(WORK REQUIRED): From the entries below, reproduce exactly the line containing "法國 勃艮地 鉈尼酒莊 勃艮地丘 AOP 2016 紅葡萄酒", the line containing "Iron Maiden Background", and every line in between, with nothing added.
(STORED DATA begins)
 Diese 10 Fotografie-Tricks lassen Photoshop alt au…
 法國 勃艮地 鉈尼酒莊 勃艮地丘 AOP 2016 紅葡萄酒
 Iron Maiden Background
(STORED DATA ends)
(STORED DATA begins)
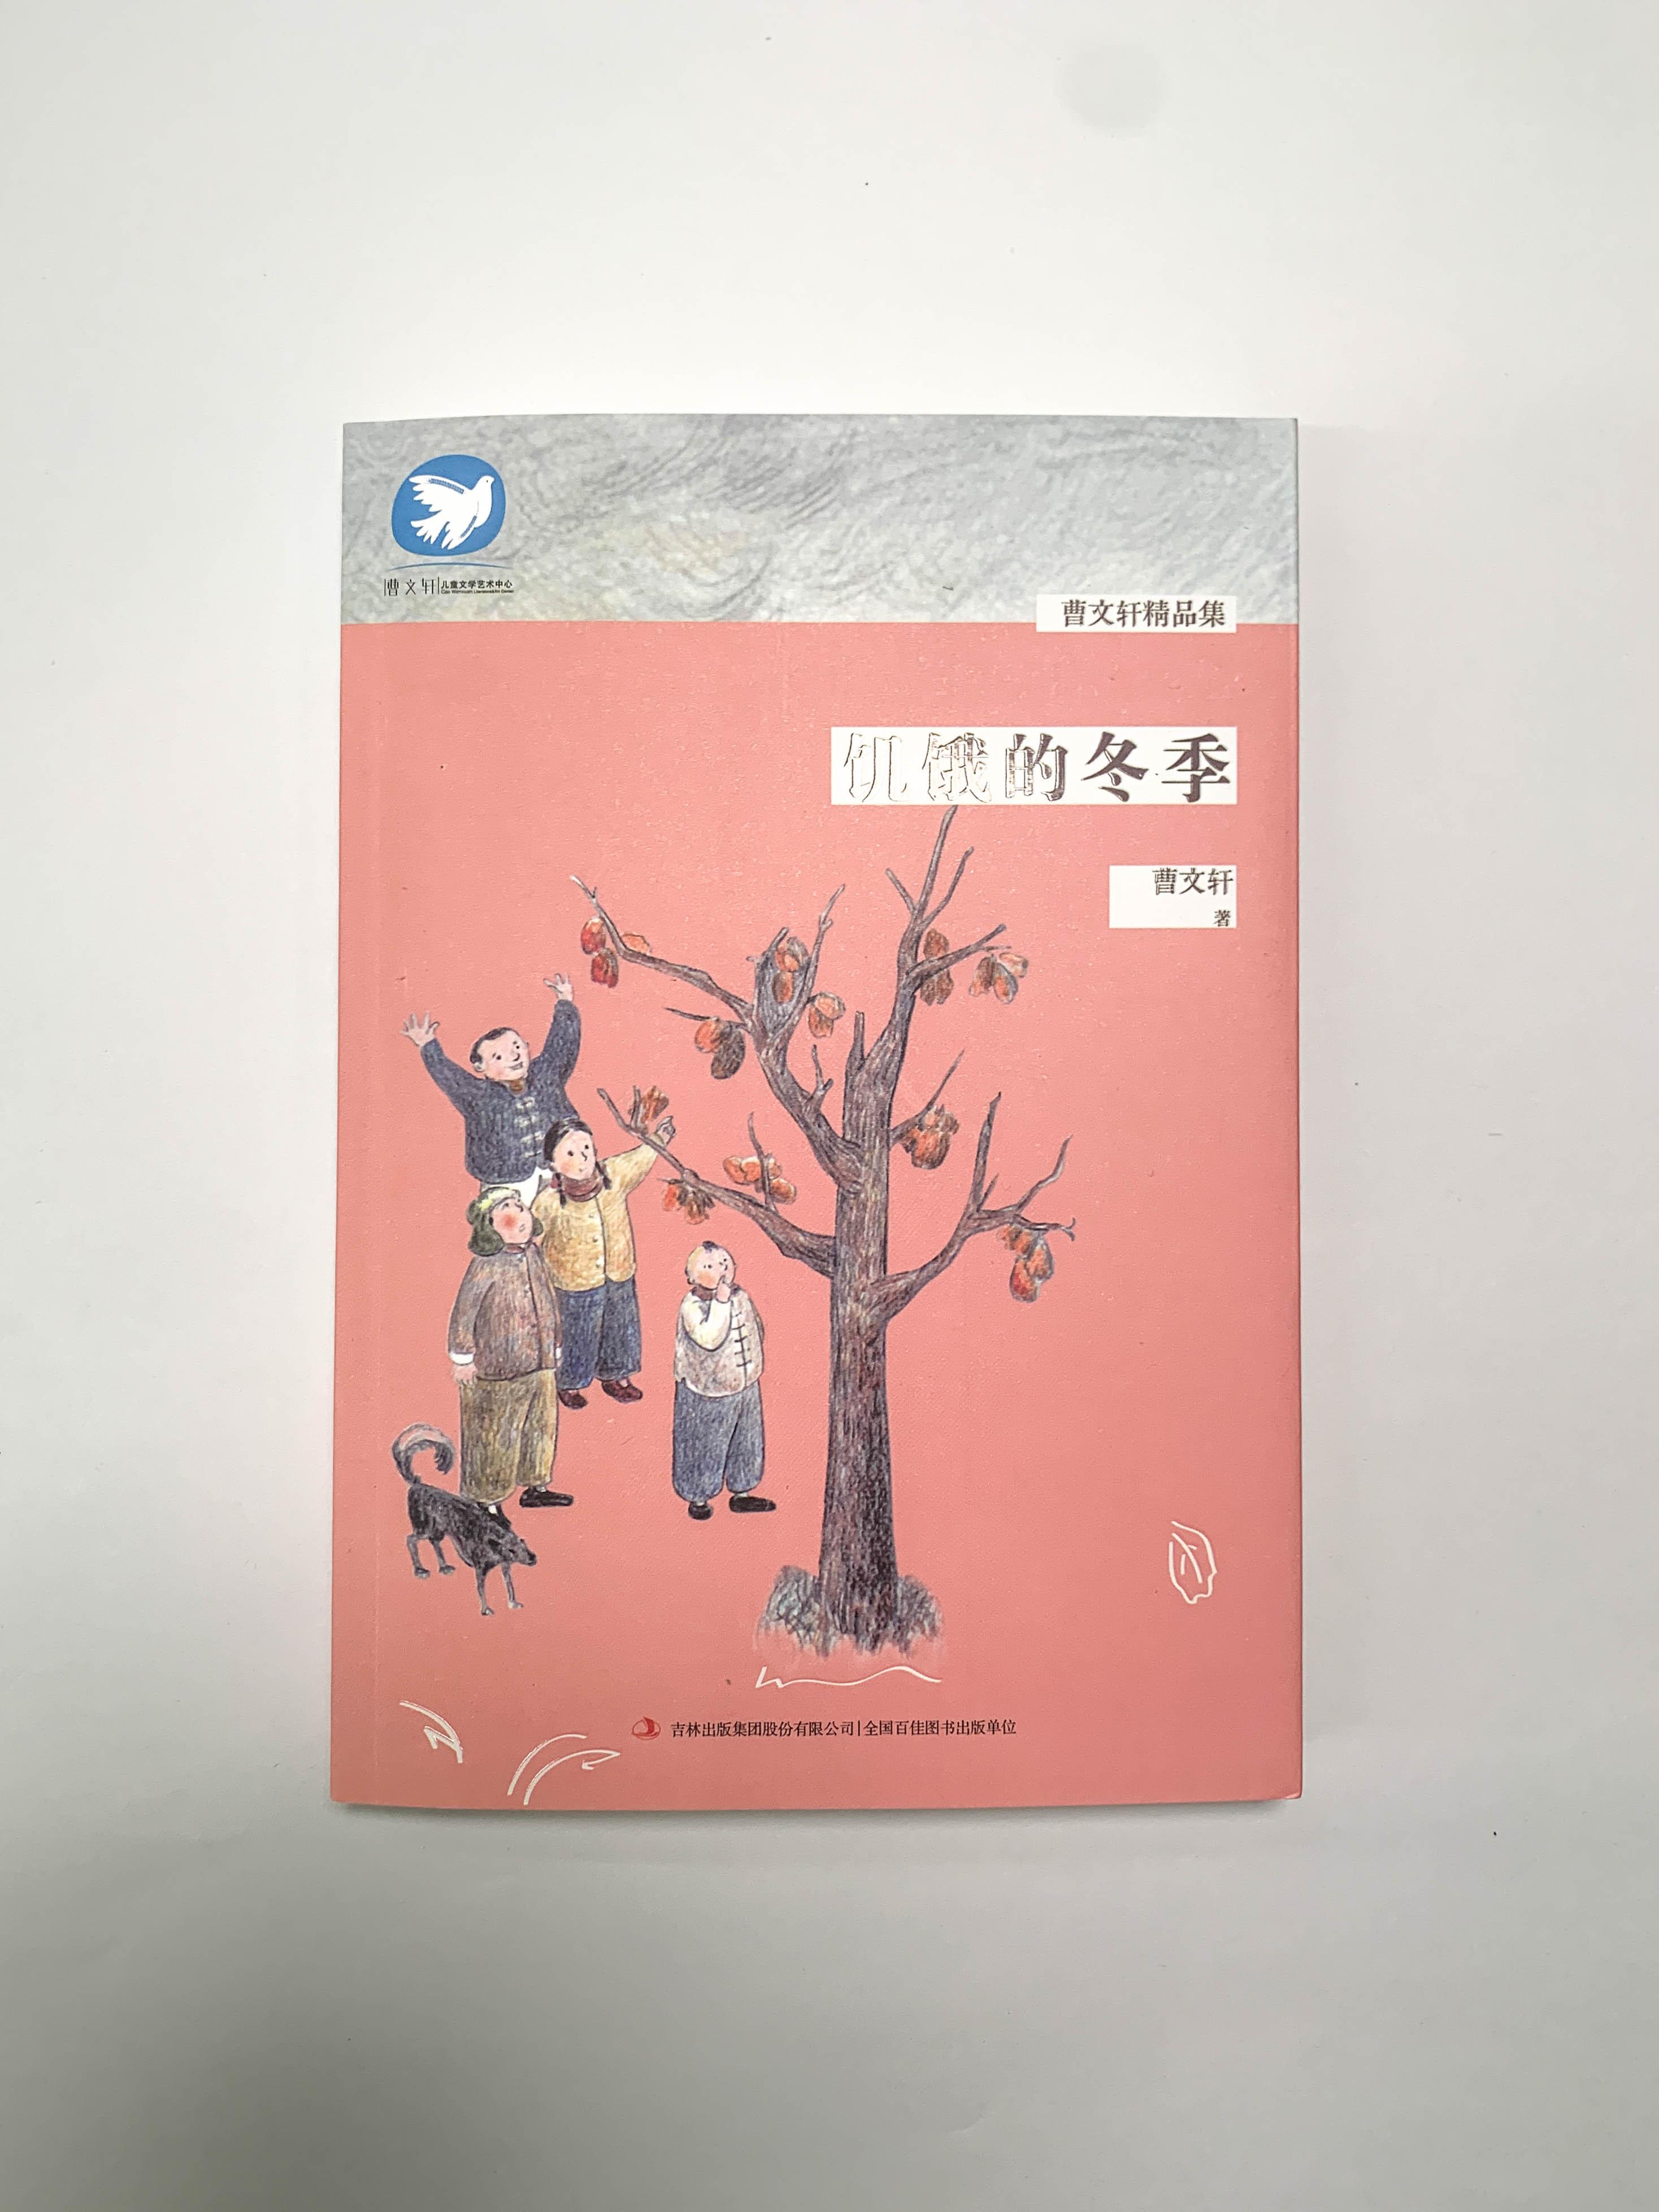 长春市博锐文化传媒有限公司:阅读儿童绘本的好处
(STORED DATA ends)
(RESPONSE BELOW):
 法國 勃艮地 鉈尼酒莊 勃艮地丘 AOP 2016 紅葡萄酒
 Iron Maiden Background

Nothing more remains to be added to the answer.